> _EXERCISE PROMPT_:
Only one stretch of the data should be retyped: the lines from the line containing "DigitalChalk: How to" through the line containing "Rechargeable Electric Pet". Keep pictures out of it.

> _PROVIDED INFORMATION_:
▼

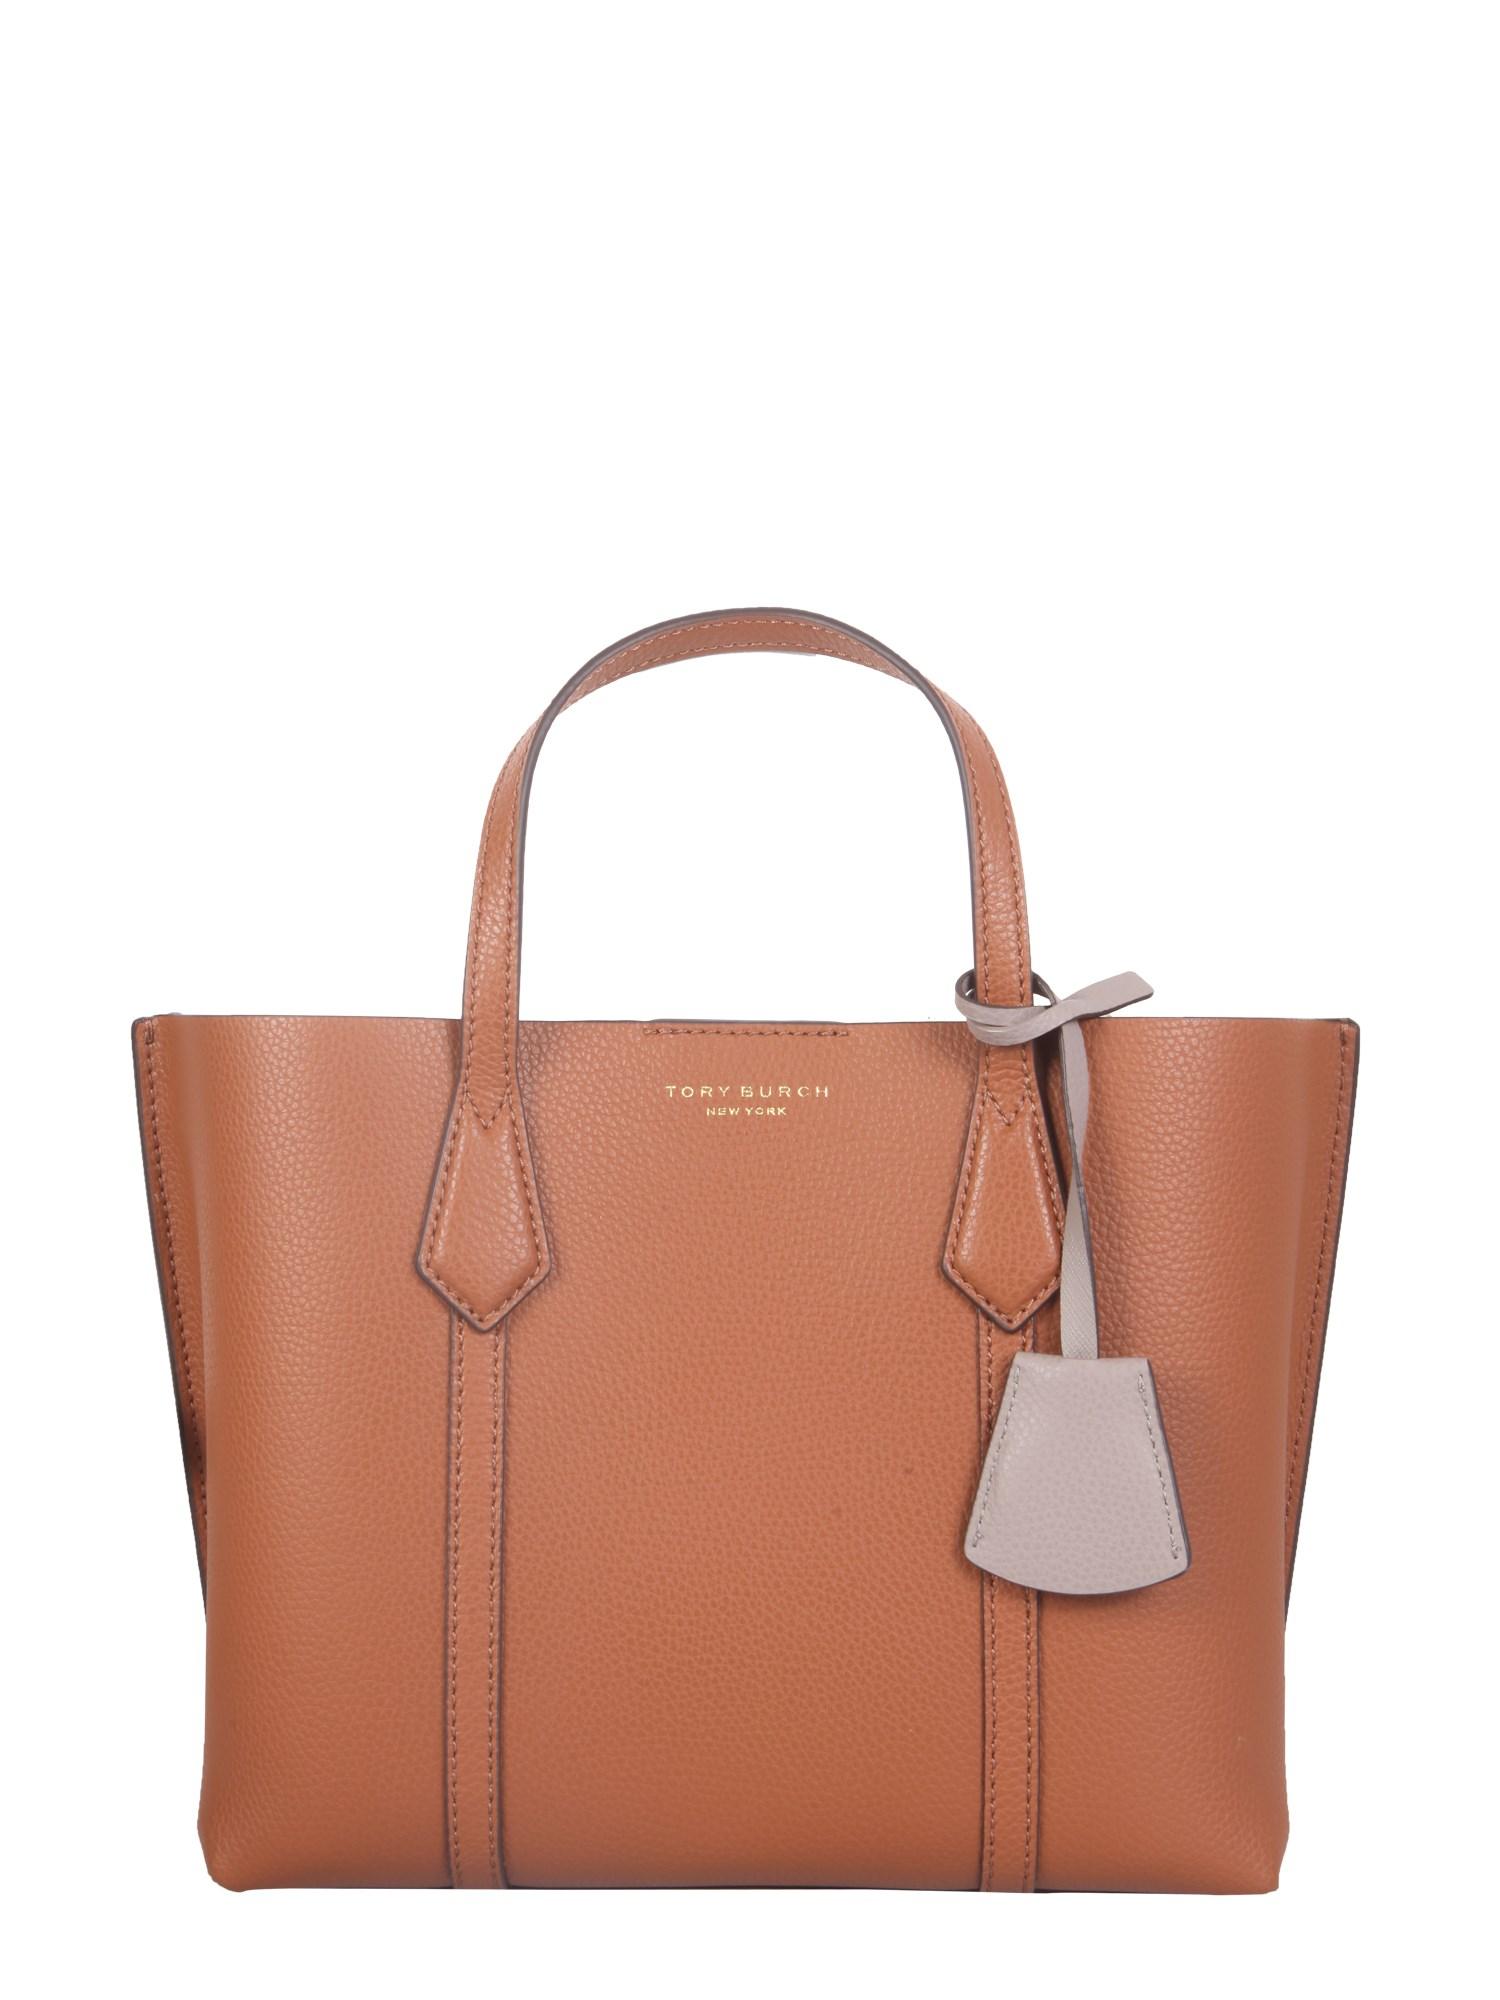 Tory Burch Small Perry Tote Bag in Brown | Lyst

▲
▼

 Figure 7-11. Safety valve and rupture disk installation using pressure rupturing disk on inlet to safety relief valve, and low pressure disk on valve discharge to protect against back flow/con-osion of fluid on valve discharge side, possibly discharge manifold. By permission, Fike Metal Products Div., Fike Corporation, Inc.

▲
▼

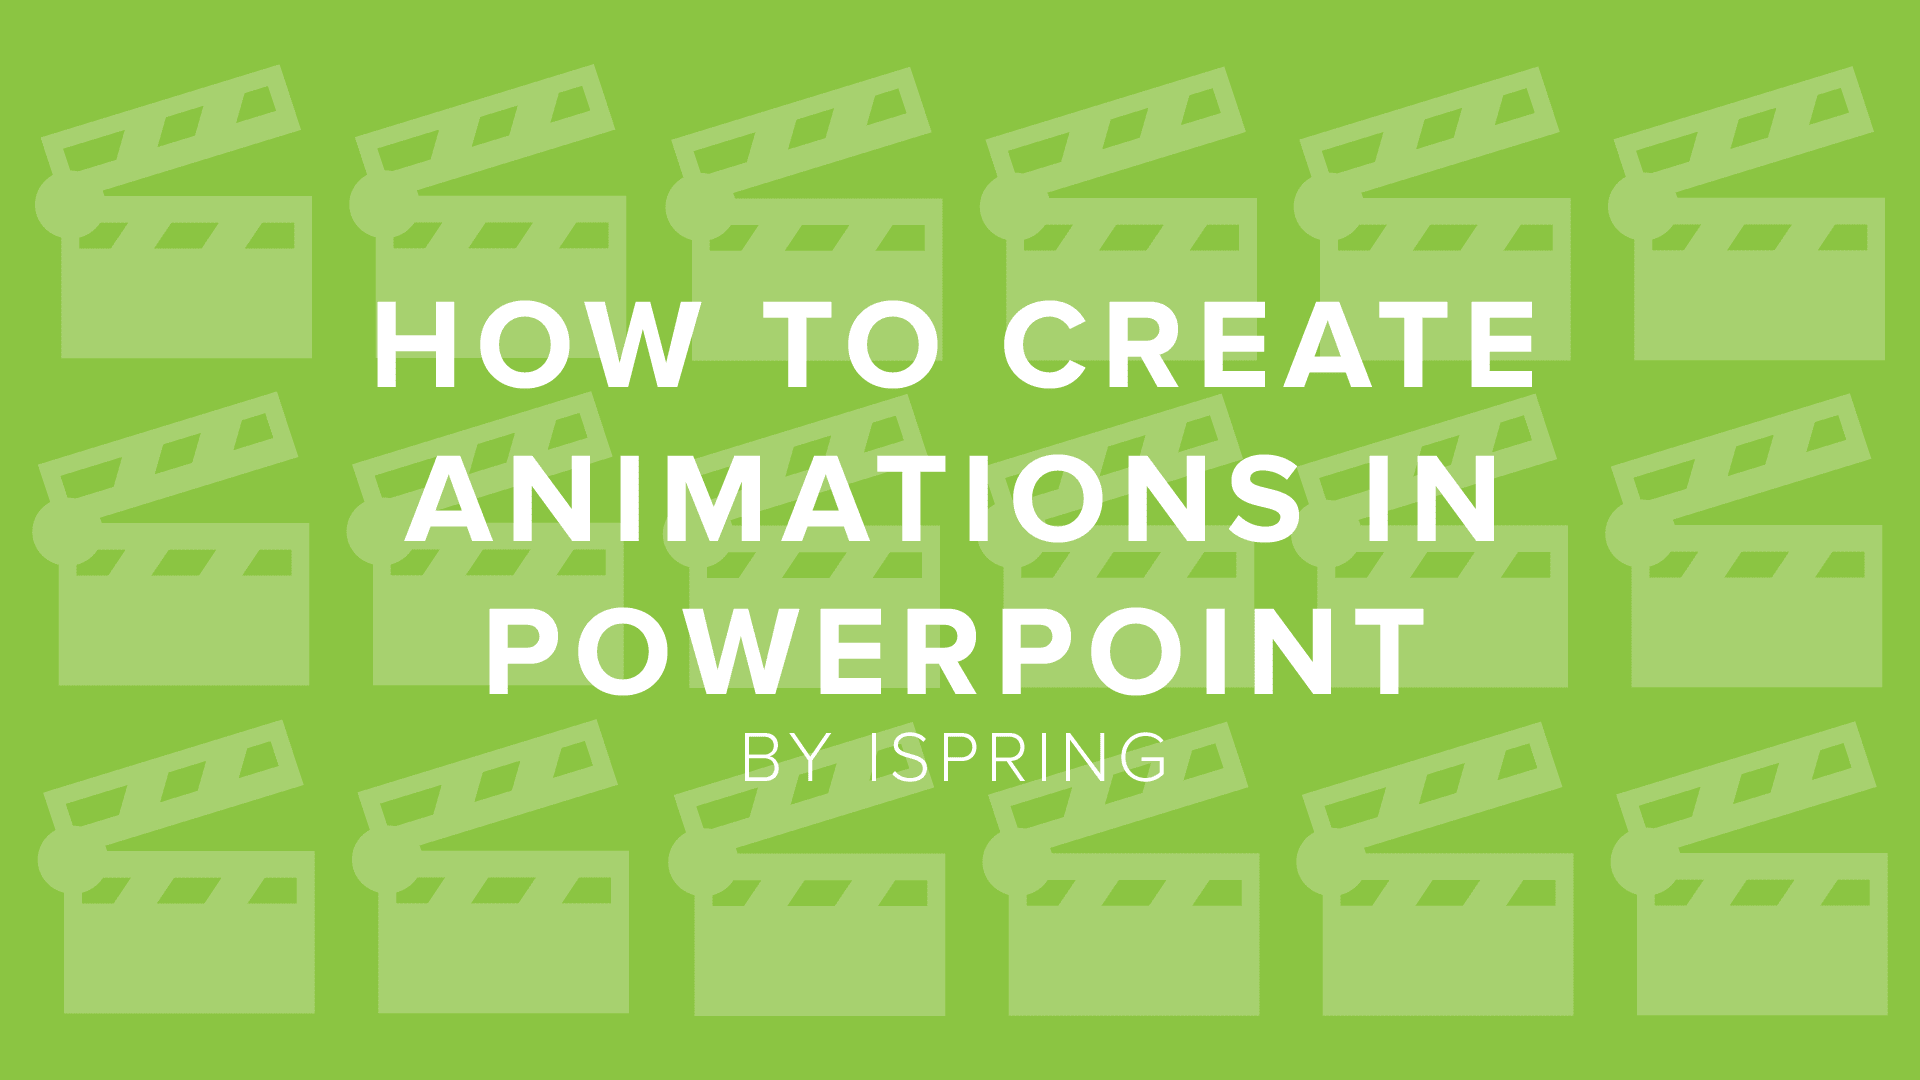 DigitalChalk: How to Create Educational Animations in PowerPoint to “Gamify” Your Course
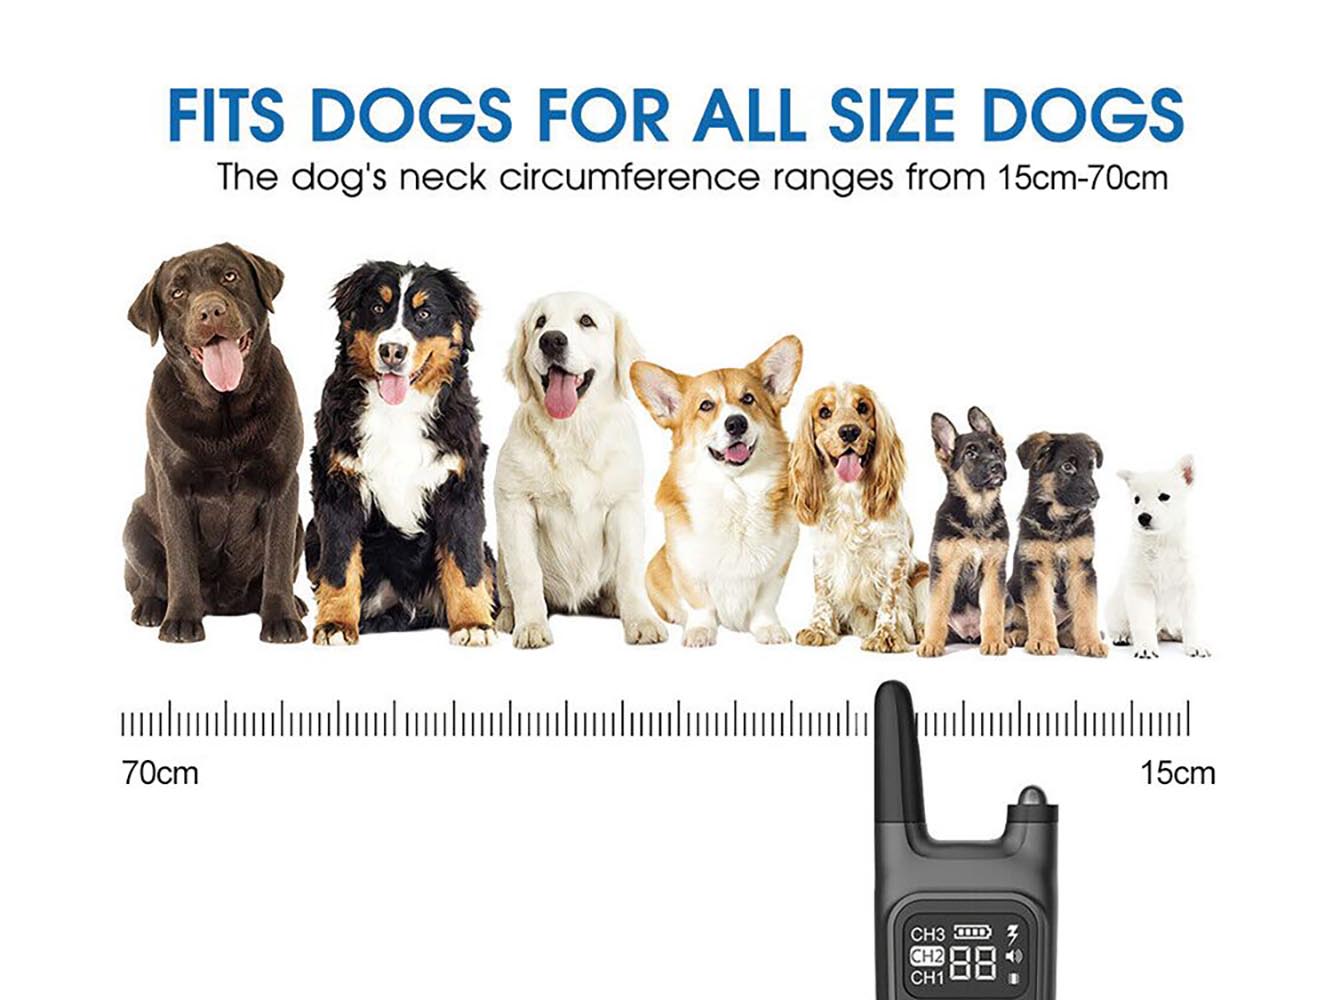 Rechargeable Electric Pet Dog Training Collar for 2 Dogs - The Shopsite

▲

> _RESULT_:
 DigitalChalk: How to Create Educational Animations in PowerPoint to “Gamify” Your Course
 Rechargeable Electric Pet Dog Training Collar for 2 Dogs - The Shopsite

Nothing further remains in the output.